Diversification is something you can influence, and it is key to your ability to withstand the inevitable ups and downs of the stock and bond markets. Investing in diversified funds amounts to purchasing shares in hundreds or thousands of securities. As the saying goes, “Do not put all your eggs in one basket.” Why violate this principle with your nest egg?
Divide and Conquer
Asset Allocation, or the mix of stocks and bonds you choose, is critical to your long-term investing success. Evidence argues for a combination of stocks and bonds for most investors, and studies have shown your choice of allocation is a driver of your long-term returns. Within each of the two broad asset categories, may wish to have domestic and international stocks, small- and large-cap stocks, short- and intermediate-term bonds, “Triple-A” and investment-grade bonds. This topic is complex, and you may need some professional advice to help you get started. However, this is one of the few factors you can control. And a little homework this year could make a world of a difference to your sense of financial security later as you approach retirement.
As in Real Estate: Location, Location, Location
Tax efficiency is another aspect to consider when getting started. Without being focused on this angle per se, you will have made great strides in this regard by maxing out your 401(k) and IRA contributions. Going further, you should try to keep high interest and dividend yielding assets in these accounts, so as to manage the tax impact of the “yield” from your chosen investments. In taxable accounts, depending on your income and location, you may want to use the tax-exempt bond funds mentioned above, and stock funds with low “turnover” (the number of times in a given year a fund sells its holdings) to limit short-term capital gains taxes. As in real estate, tax efficiency often comes down to asset location.

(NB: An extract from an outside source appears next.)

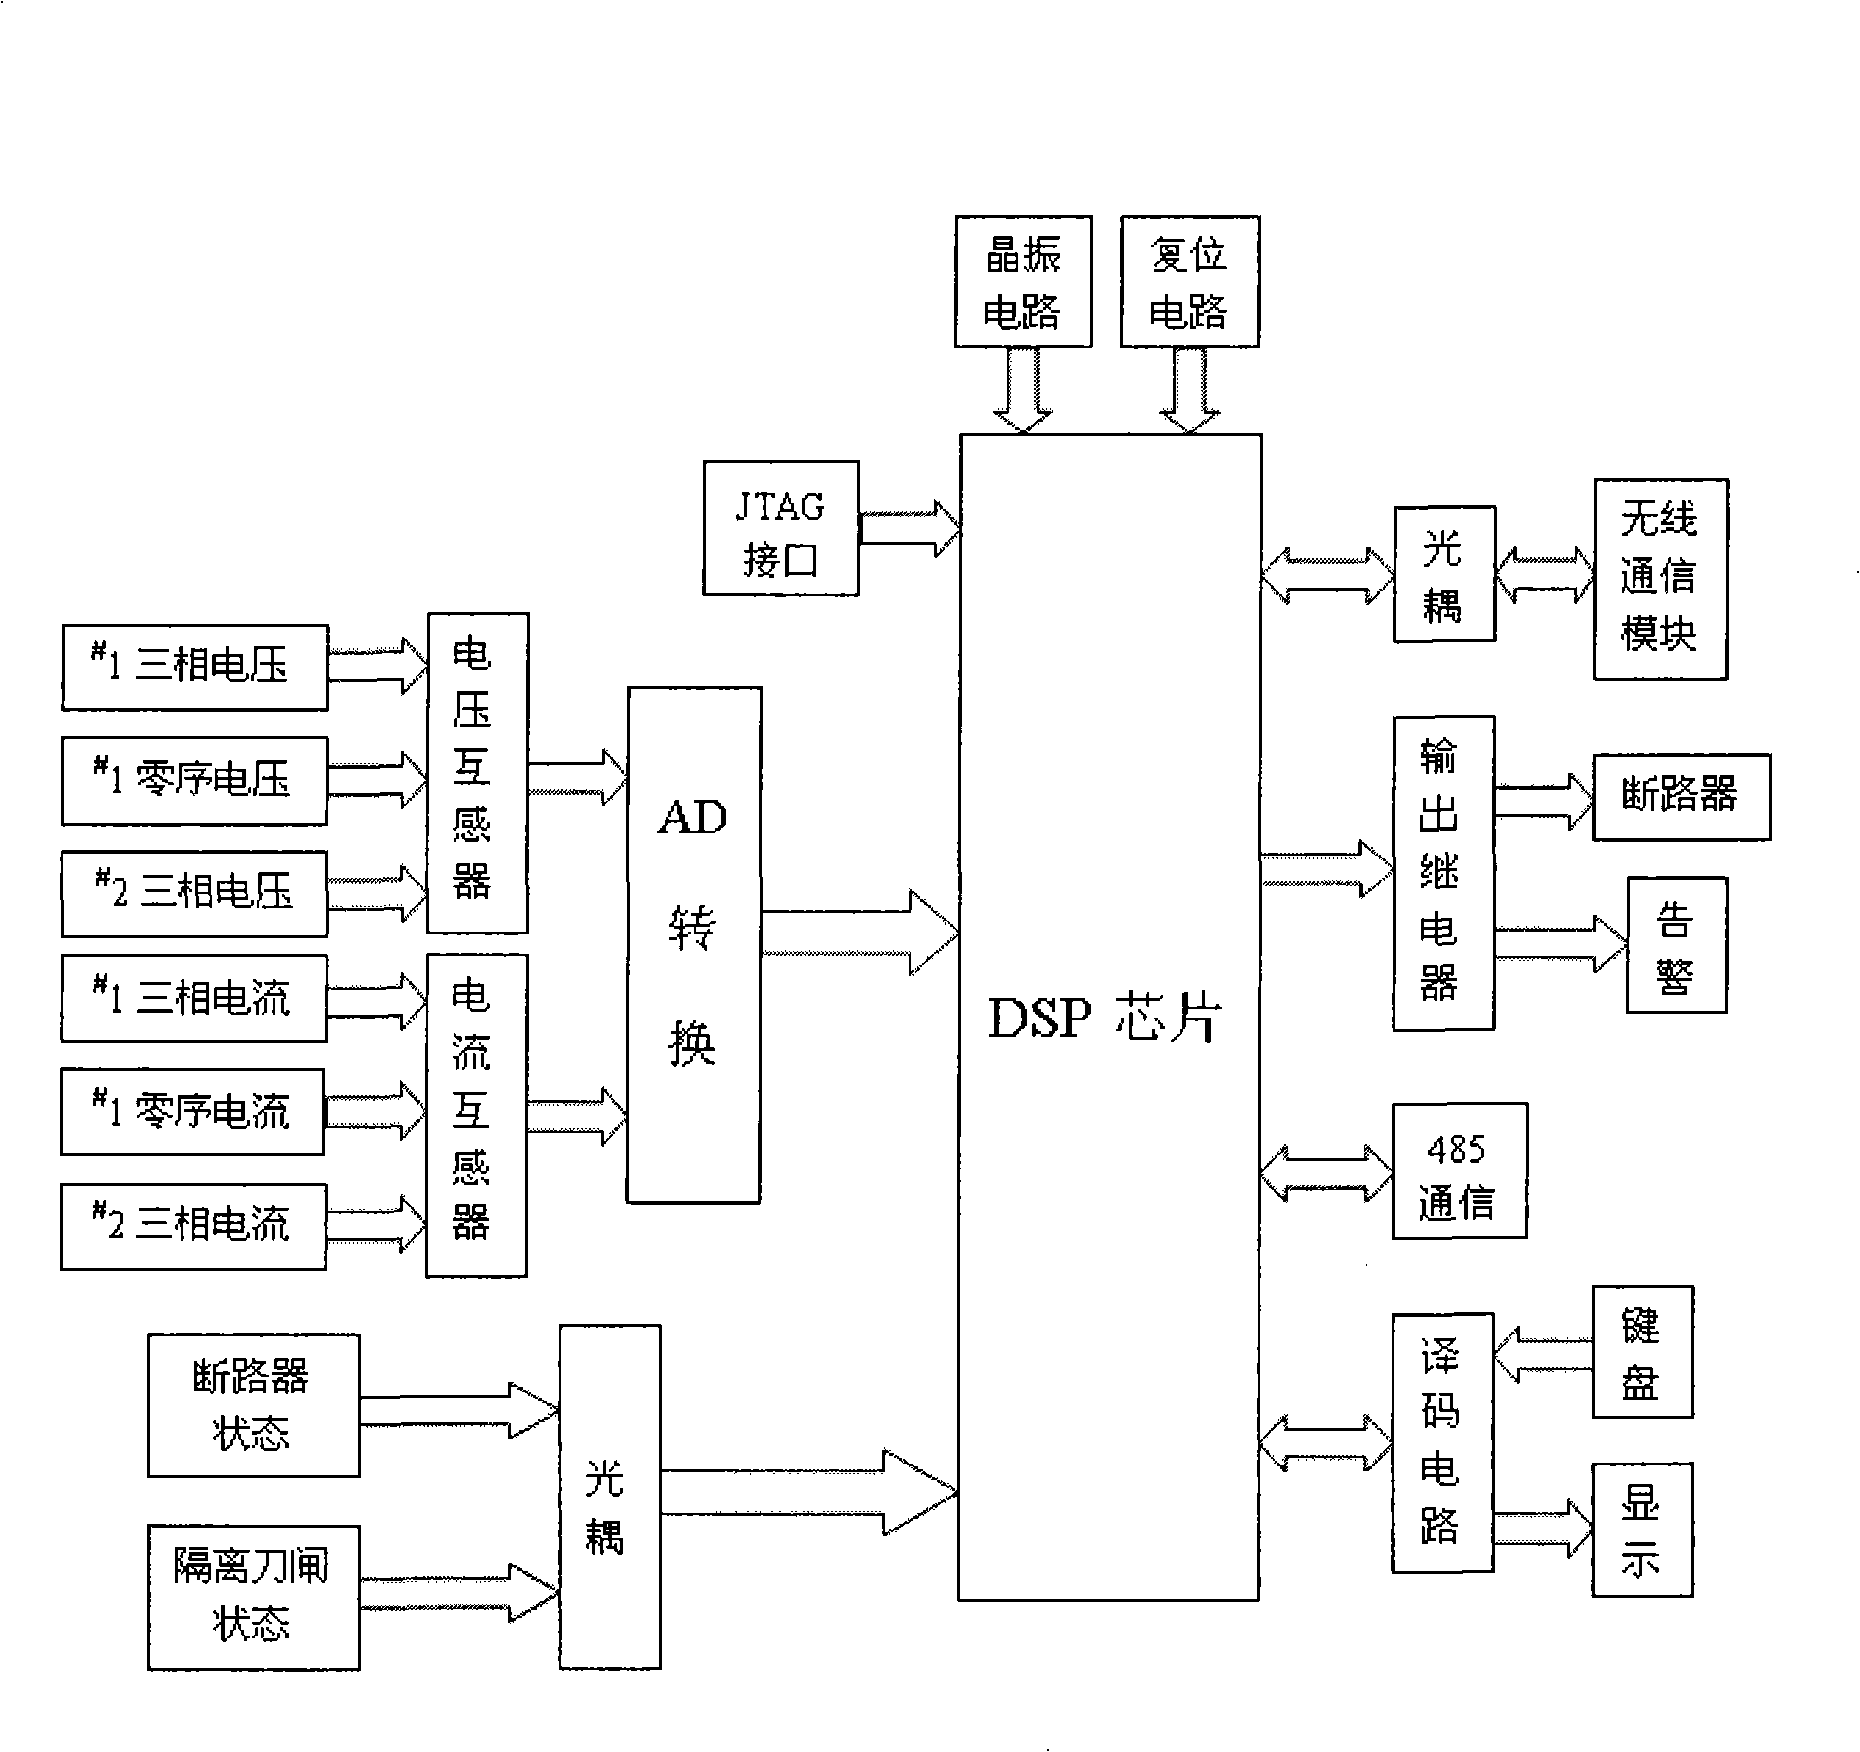 Integrated system for monitor, management and remotely meter-reading of power distribution network

Most important of all, put the “miracle of compounding” to work for you by getting started now. The phenomenon often associated with founding father Benjamin Franklin needs time to work its magic. The earlier you get started, the more time becomes an asset rather than a liability.
And remember, getting started is the hardest part of all.
1 FDIC stands for Federal Deposit Insurance Corporation. NCUA stands for National Credit Union Administration.